Information
★ ★ ★ ★

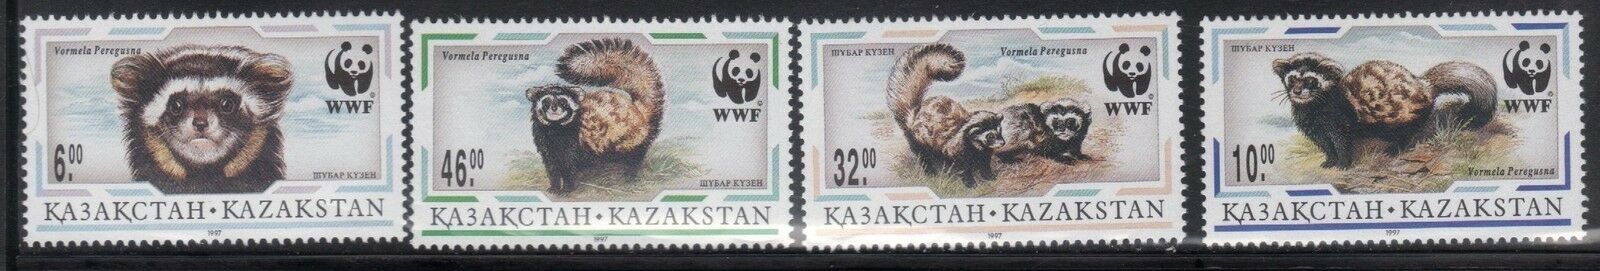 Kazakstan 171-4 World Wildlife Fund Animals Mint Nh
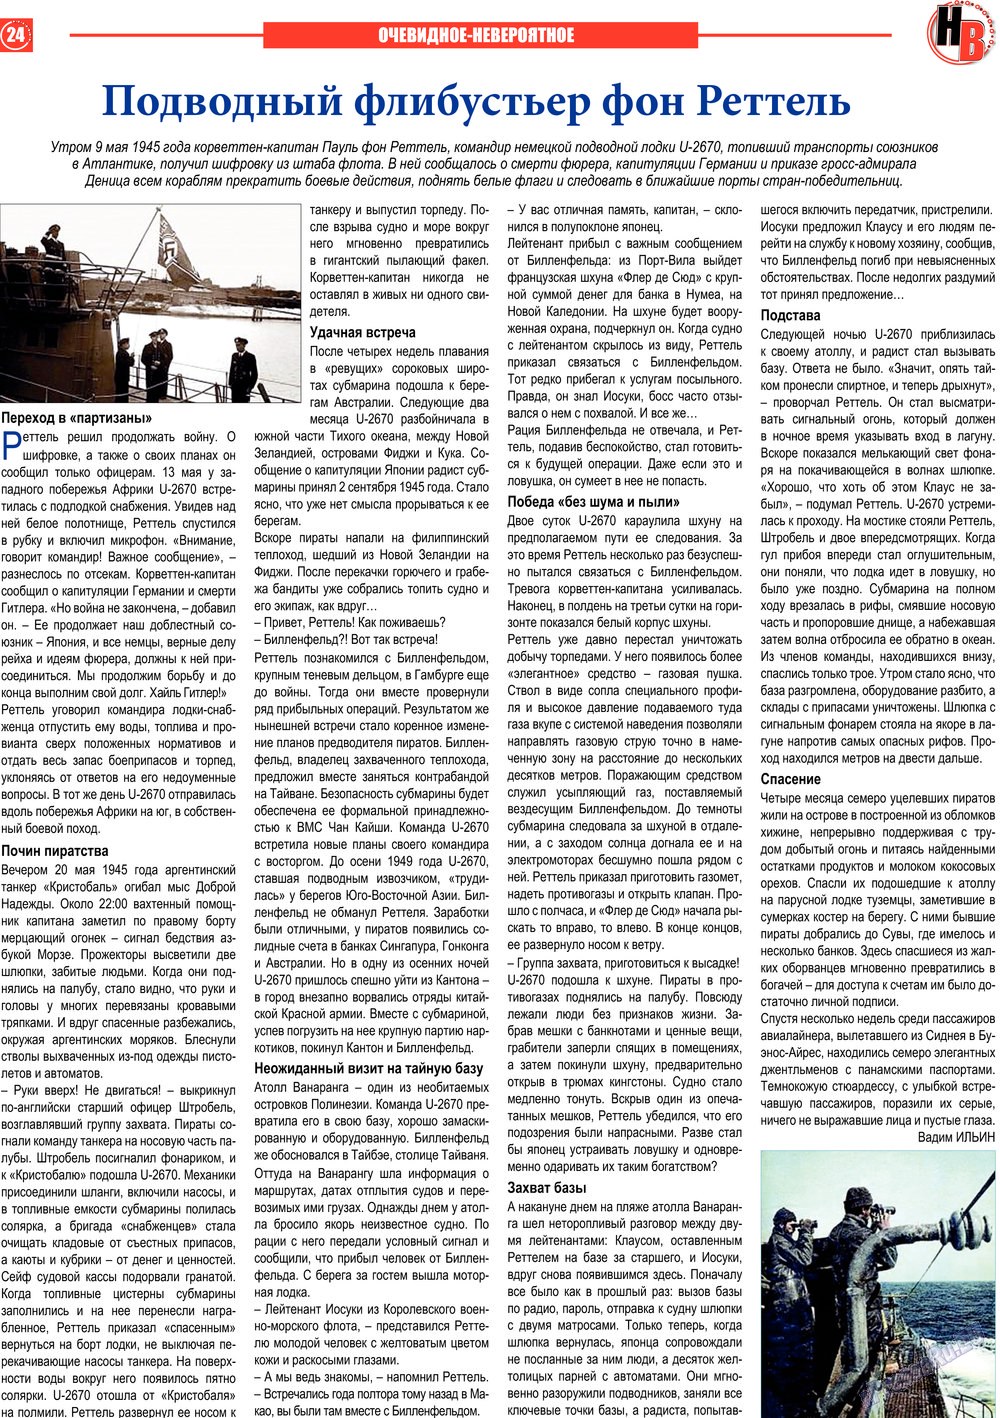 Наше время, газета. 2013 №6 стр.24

★ ★ ★ ★

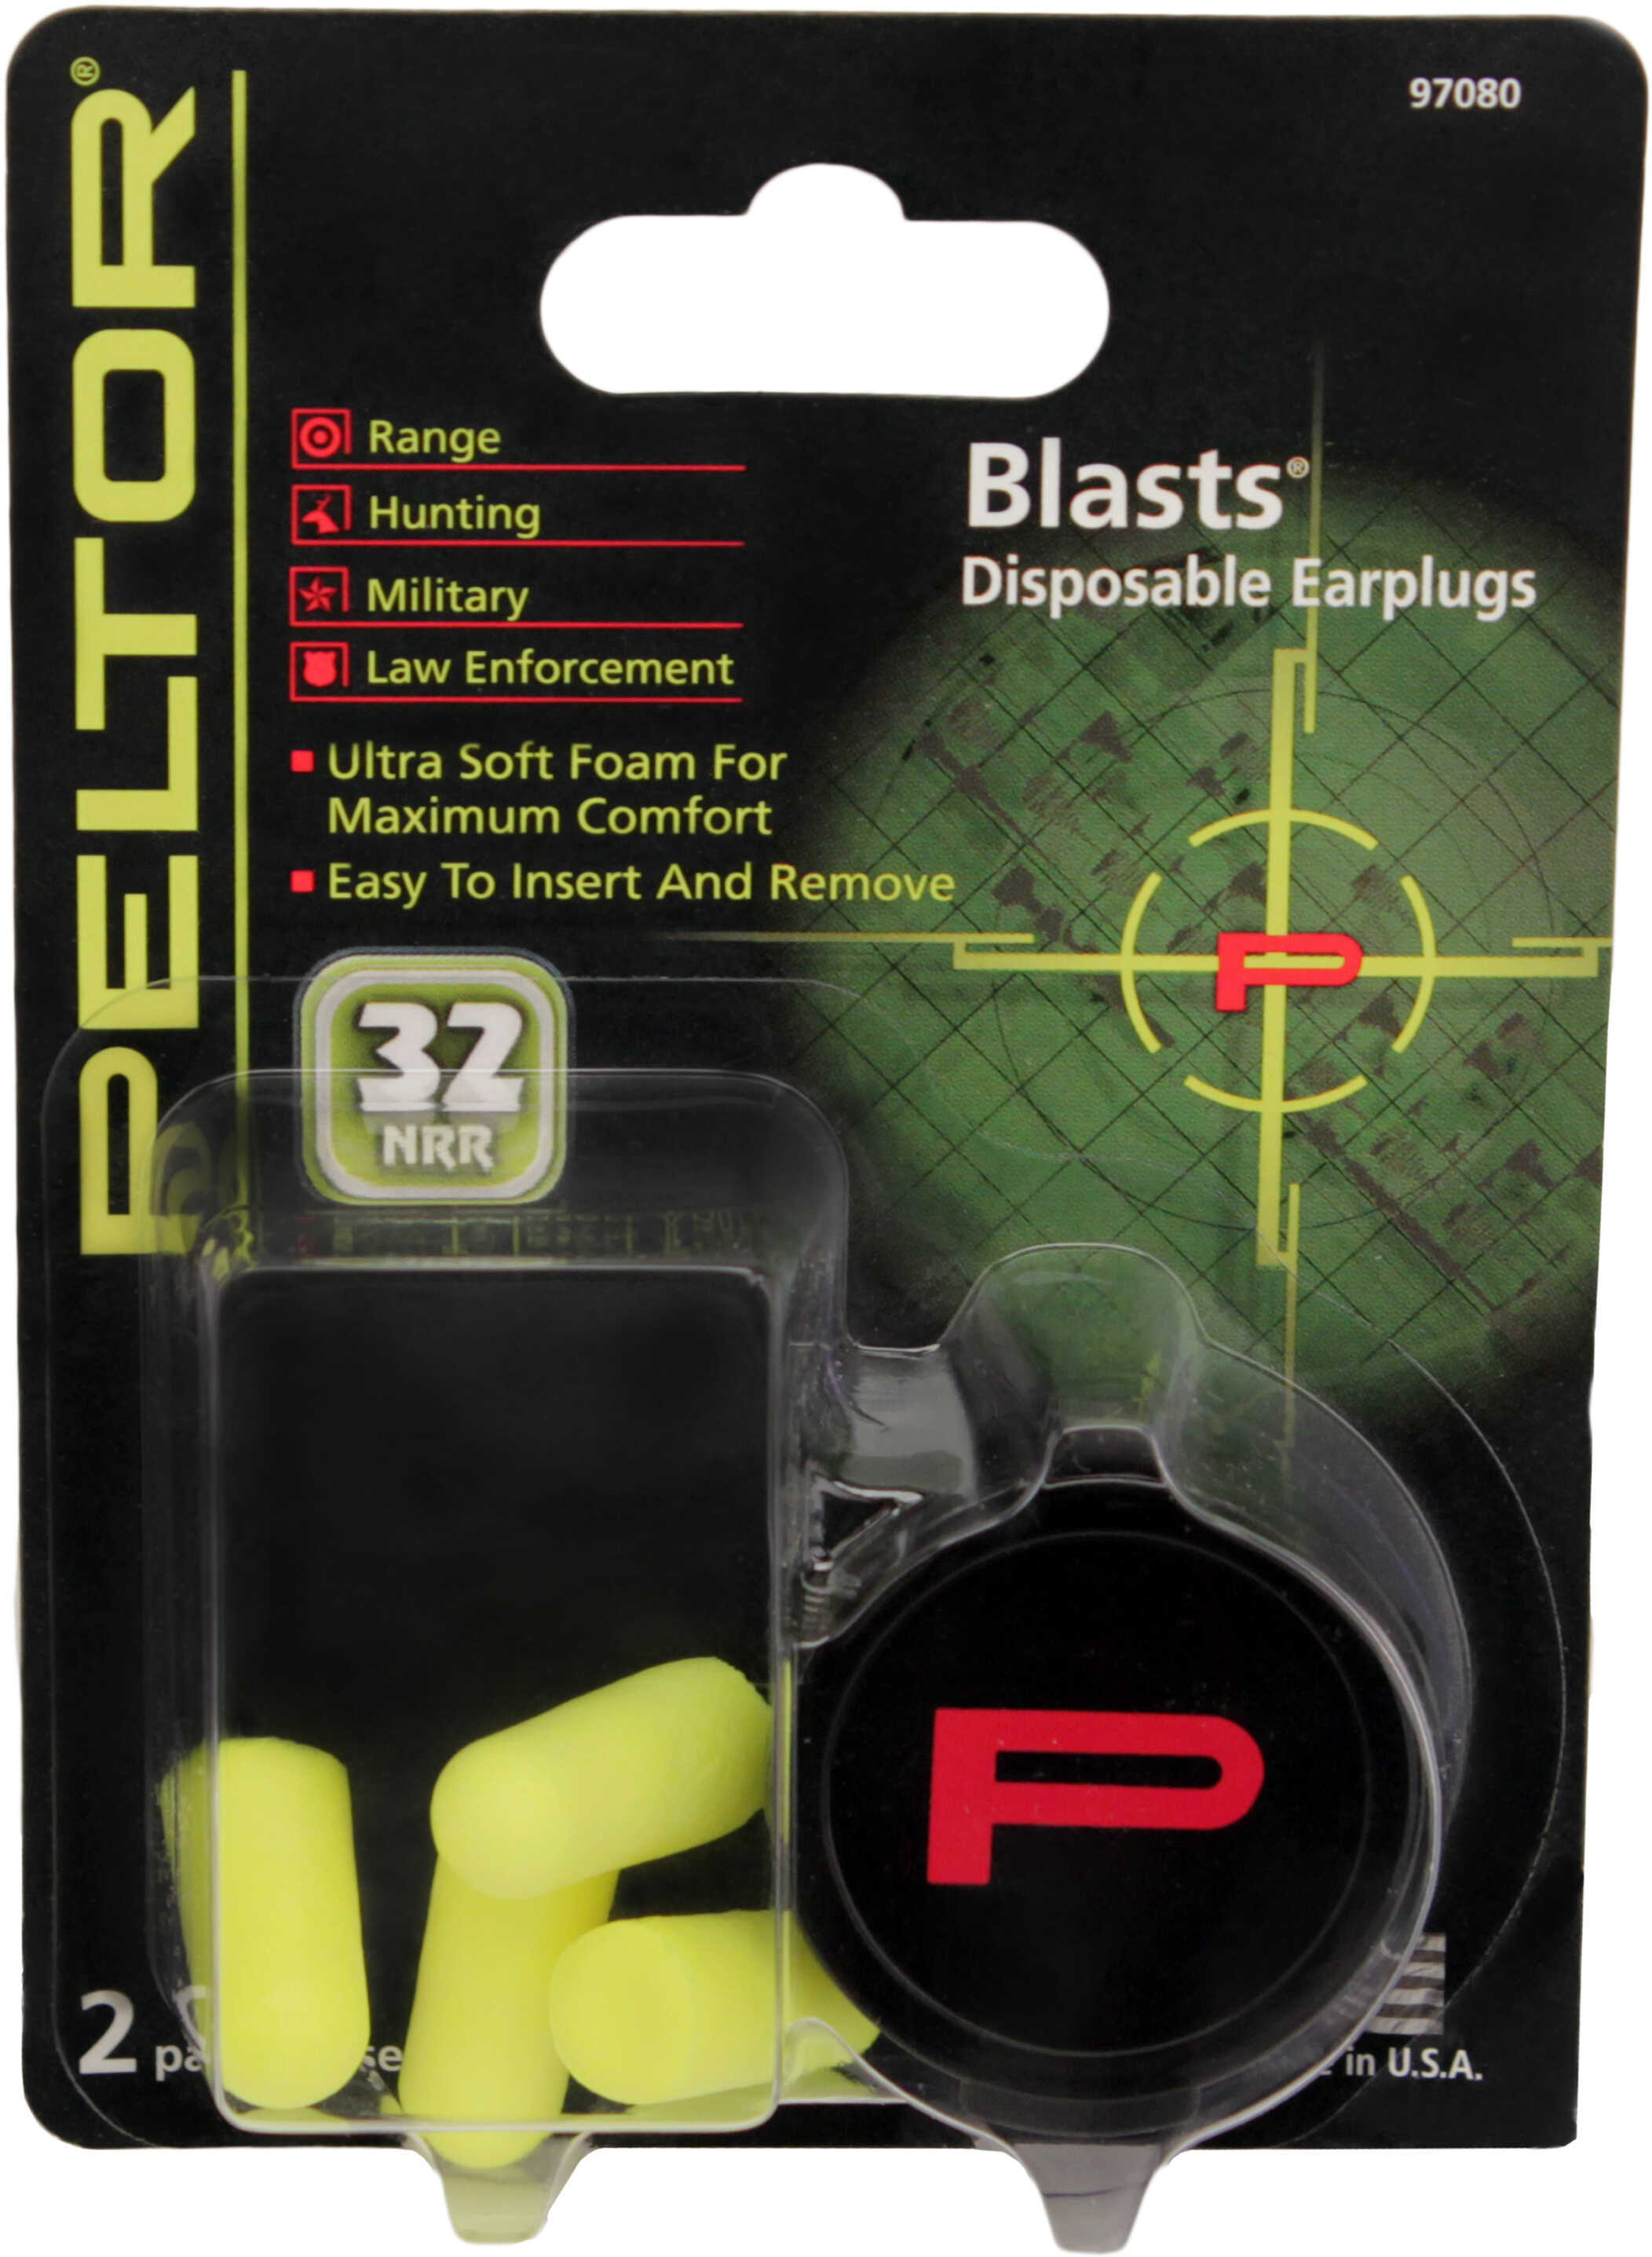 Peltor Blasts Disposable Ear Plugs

★ ★ ★ ★

I'd like the lines above repeated exactly, from the one that contains "Kazakstan 171-4 World" through the one that contains "Наше время, газета. 2013 №6 стр.24", with no pictures.

 Kazakstan 171-4 World Wildlife Fund Animals Mint Nh
 Наше время, газета. 2013 №6 стр.24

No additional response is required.